Six-plus hold 'em
- Alternative names: Short-deck hold 'em
- Type: Community card poker
- Players: 2+
- Skills: Probability, psychology
- Cards: 36
- Deck: French
- Rank (high→low): A K Q J 10 9 8 7 6 (A when used in a Straight)
- Play: Clockwise
- Chance: High

= Six-plus hold 'em =

Community card poker game

Six-plus hold 'em (also known as short-deck hold 'em and Manila) is a community card poker game variant of Texas hold 'em, where the 2 through 5 cards are removed from the deck. Each player is dealt two cards face down and seeks to make the best five card poker hand from any combination of the seven cards (five community cards and their own two hole cards).

==Rules==
The rules in terms of betting structures, play of the hand, and showdown are the same as in Texas hold 'em. However, before play begins all cards 2 through 5 are removed (16 cards), thus the total number of cards in the deck is 36. Aces are high, but same as in Texas hold 'em, can make both low and high end of straights. For example, the lowest straight would be (9x-8x-7x-6x-Ax) and the highest (Ax-Kx-Qx-Jx-10x). This changes the probability of hands and alters hand rankings.

===Modified hand rankings===

| Rank | Name | Example |
|---|---|---|
| 1 | Royal flush | Ace of spades King of spades Queen of spades |
| 2 | Straight flush | Jack of clubs 10 of clubs 9 of clubs |
| 3 | Four of a kind | King of clubs King of diamonds King of hearts |
| 4 | Flush^{†} | Jack of diamonds 9 of diamonds 8 of diamonds |
| 5 | Full house^{†} | 6 of spades 6 of hearts 6 of diamonds |
| 6 | Straight^{‡} | 9 of diamonds 8 of spades 7 of hearts |
| 7 | Three of a kind^{‡} | Queen of clubs Queen of spades Queen of hearts |
| 8 | Two pair | Jack of hearts Jack of spades Queen of clubs |
| 9 | One pair | 10 of spades 10 of hearts 8 of spades |
| 10 | High card | King of diamonds Queen of diamonds 7 of spades |

^{†} Flush ranks higher than full house, since the reduced amount of ranks makes flushes harder and full houses easier to hit.

^{‡} In theory, three-of-a-kind would rank higher than a straight as the probability of achieving three-of-a-kind is lower than a straight in short-deck for the 7-card hands dealt in Texas hold 'em. However, when calculating for a six-plus poker where each player gets only 5 cards, straights rank higher than three-of-a-kind, and this is how it's ranked in most games.

^{†} ^{‡} Some variations of six-plus hold 'em are played with standard Texas hold 'em hand rankings.

==History==
6-Plus is a variation of the game, Manila (created in 2010 or prior), A once popular game in Australia and among high stakes gamblers in Asia.
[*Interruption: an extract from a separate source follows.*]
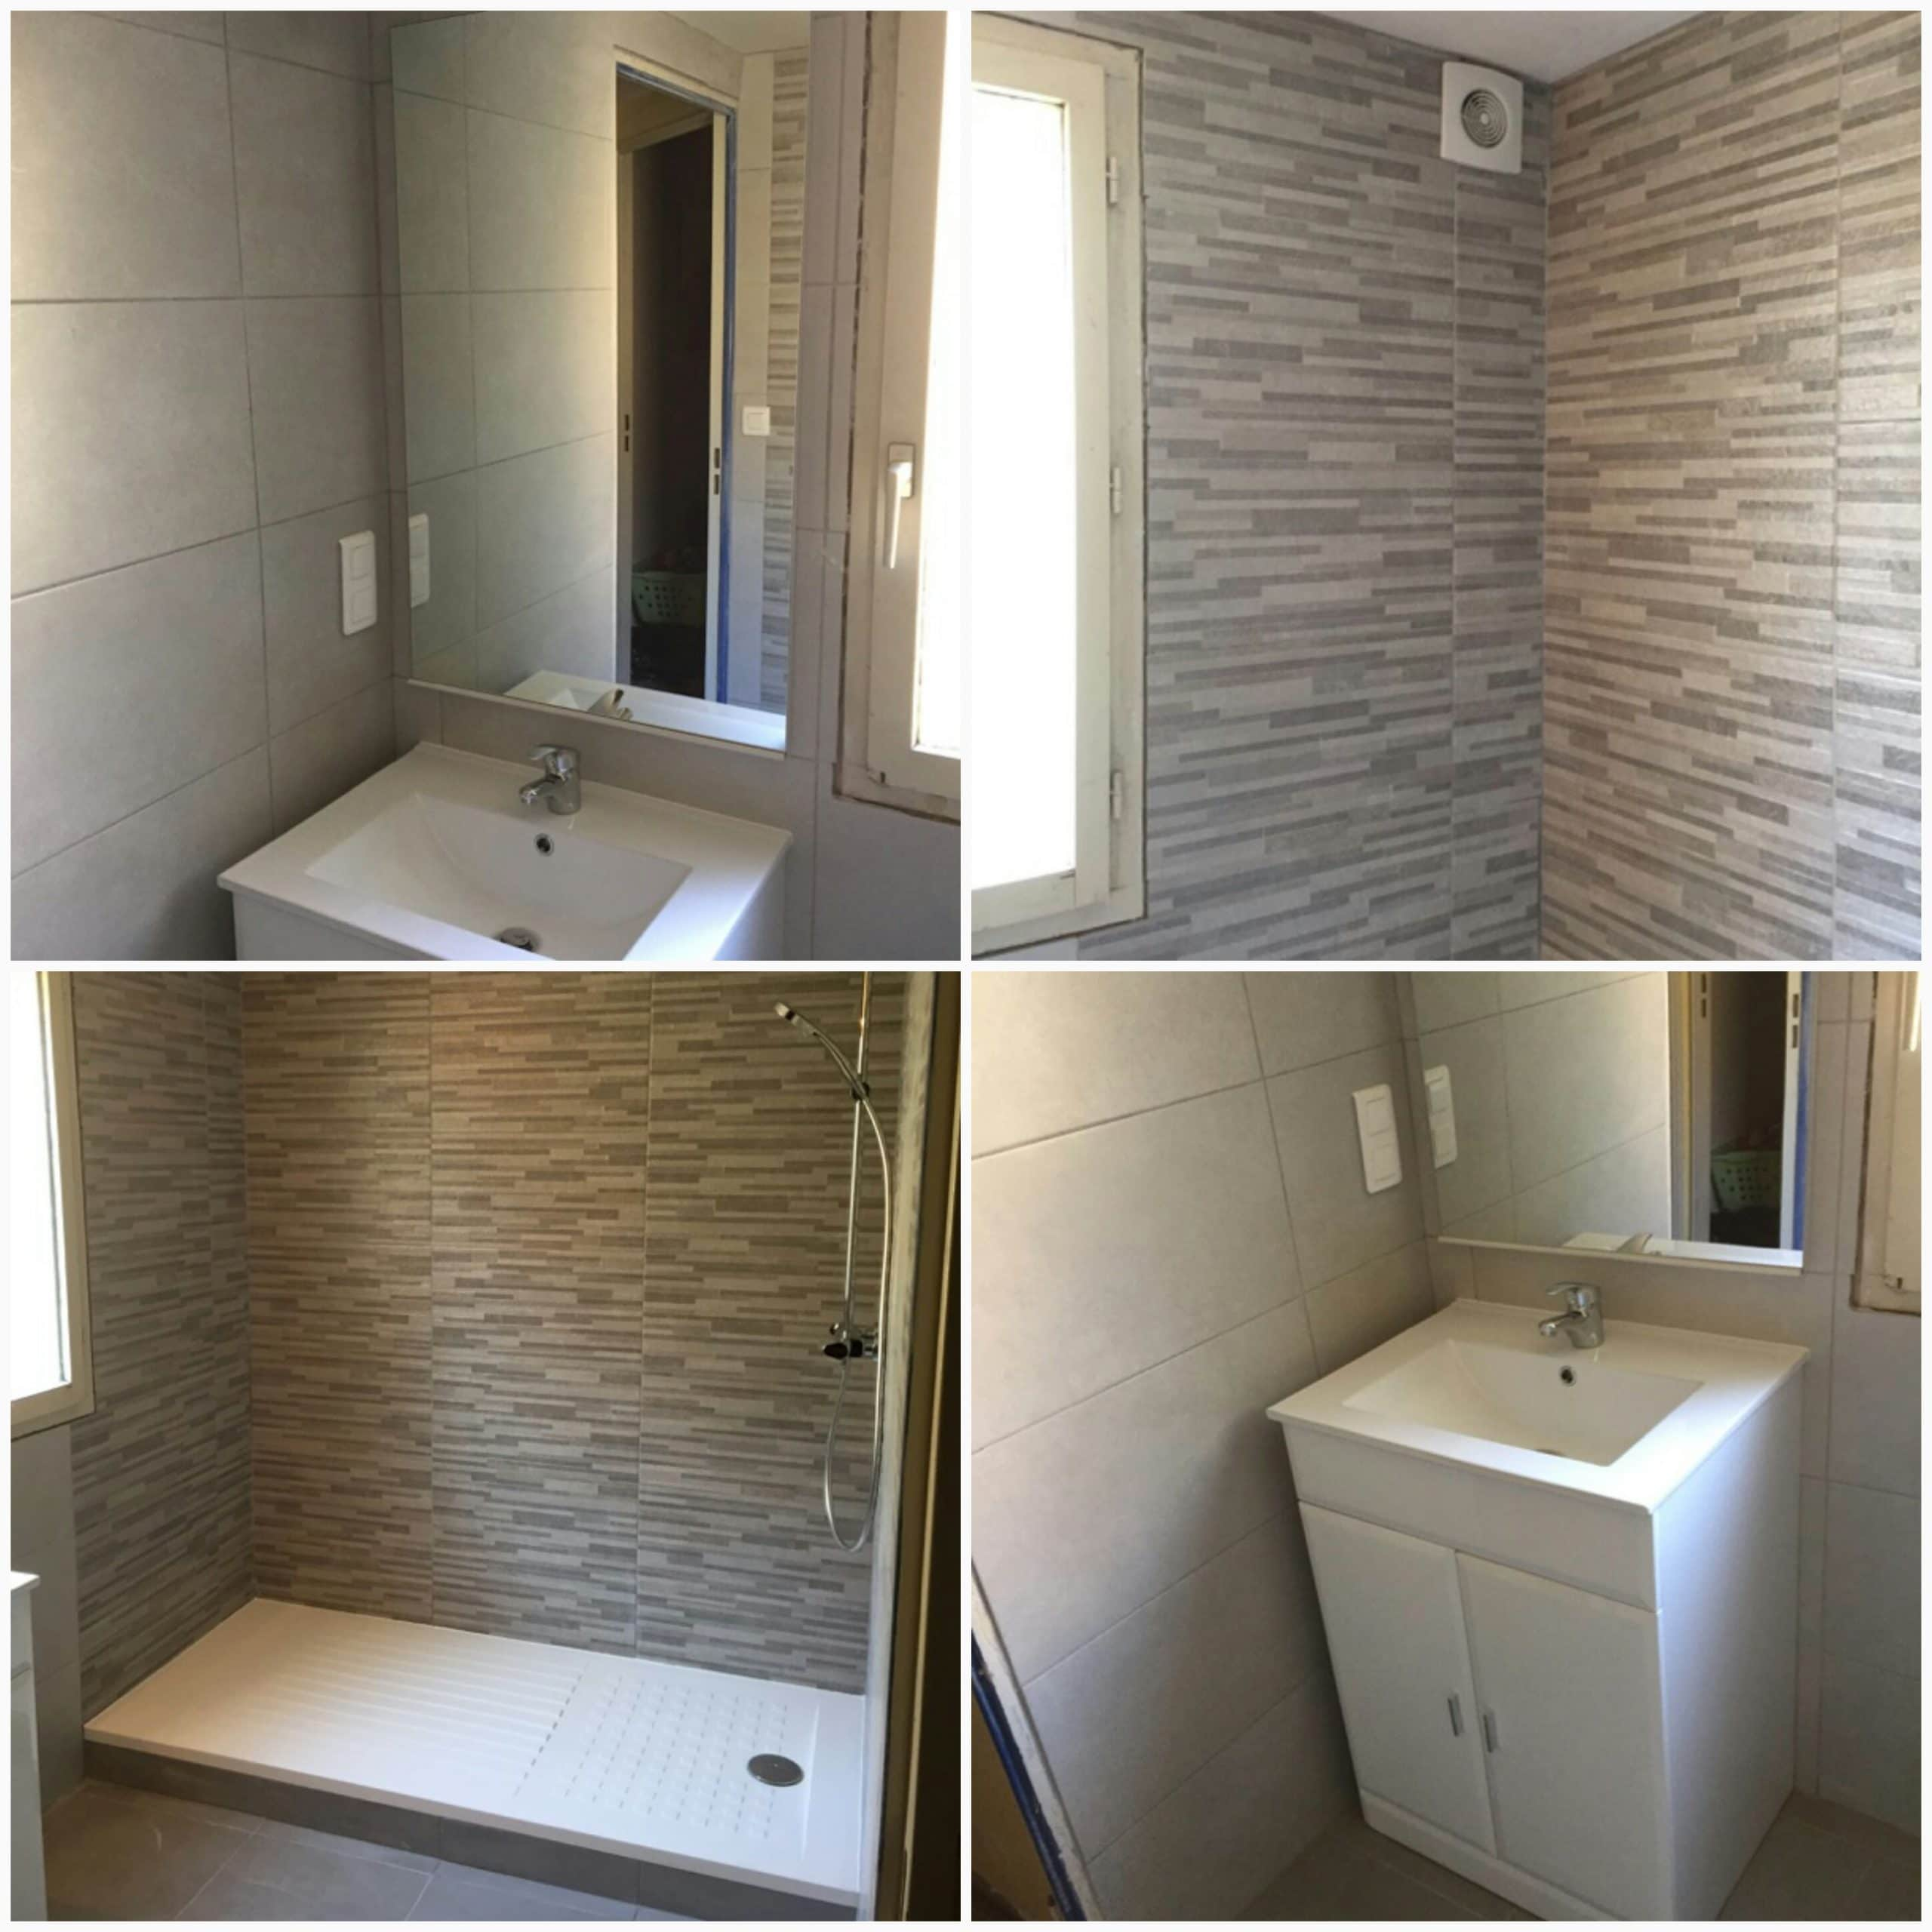 salle de bain design avec mur en pierre
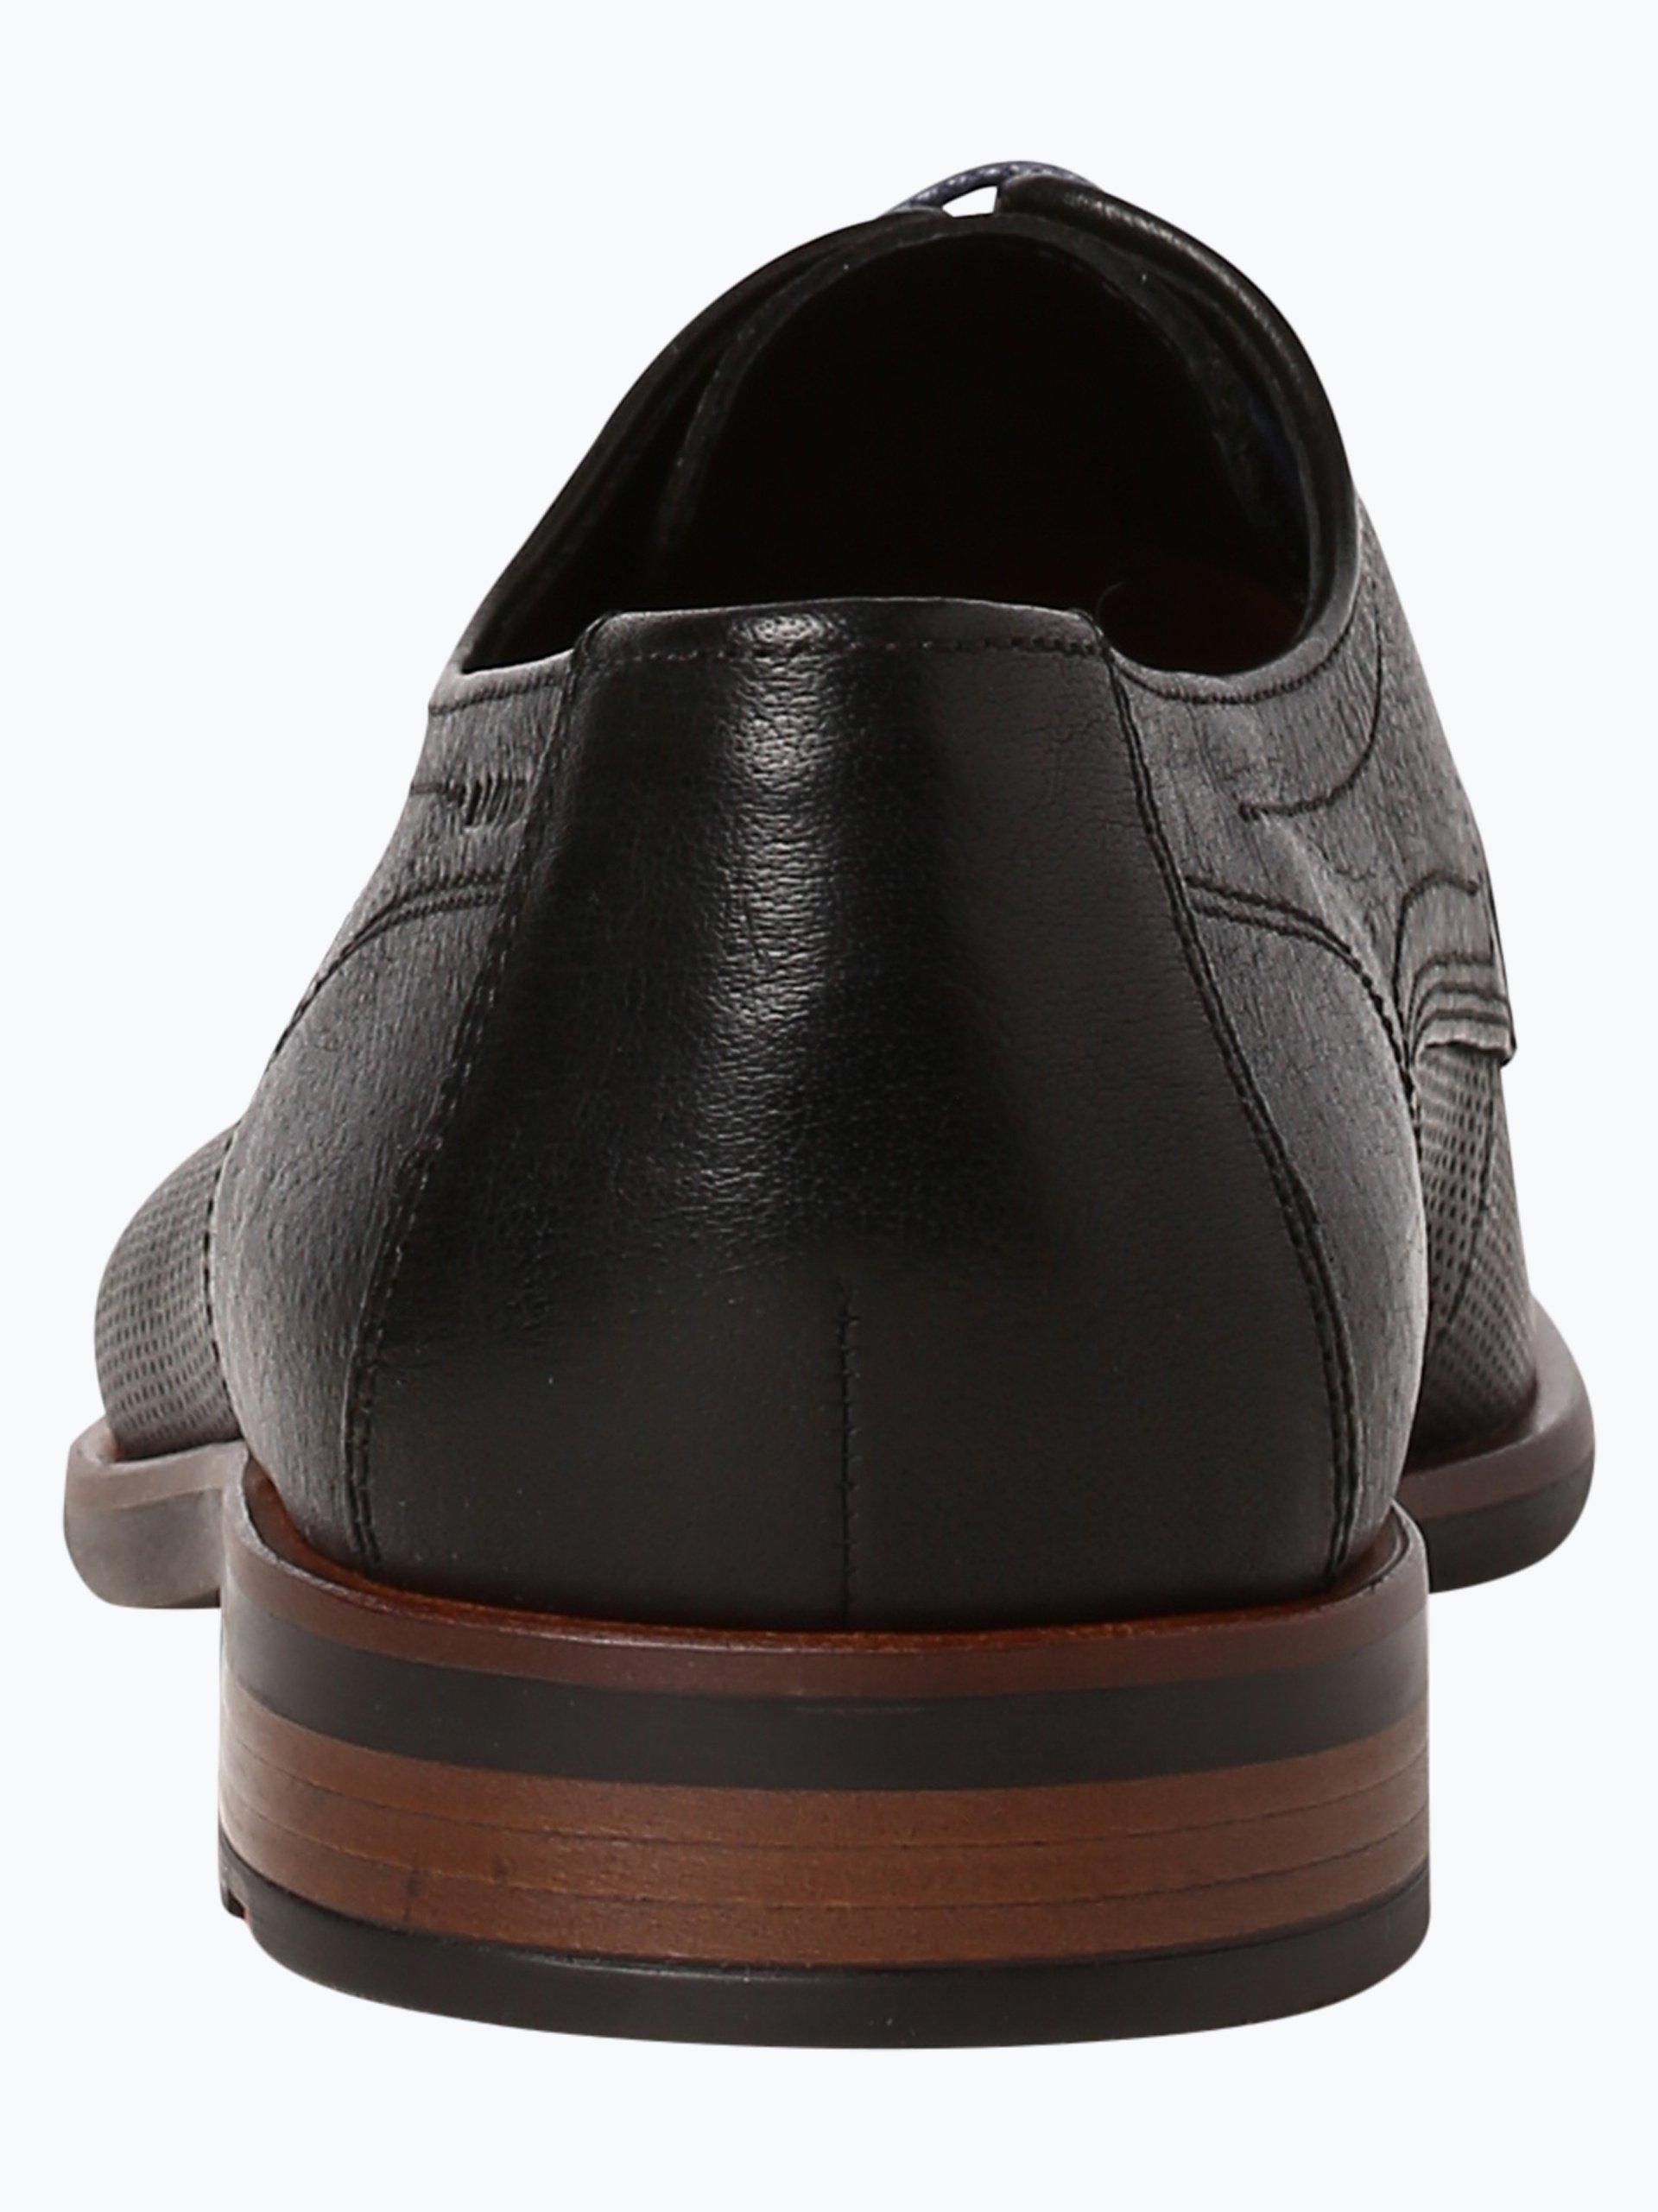 Lloyd Herren Schnürschuhe aus Leder - Drayton

In 2015, Phil Ivey and Tom Dwan promoted the game in an online video showing this variant of Texas hold 'em which is frequently played in Macau, Hong Kong and Manila.

The 2018 Triton Poker tournament series hosted the first televised six-plus hold 'em tournaments. The first Triton Super High Roller HK$250,000 short deck ante-only event was won by Phil Ivey, earning him US$617,396.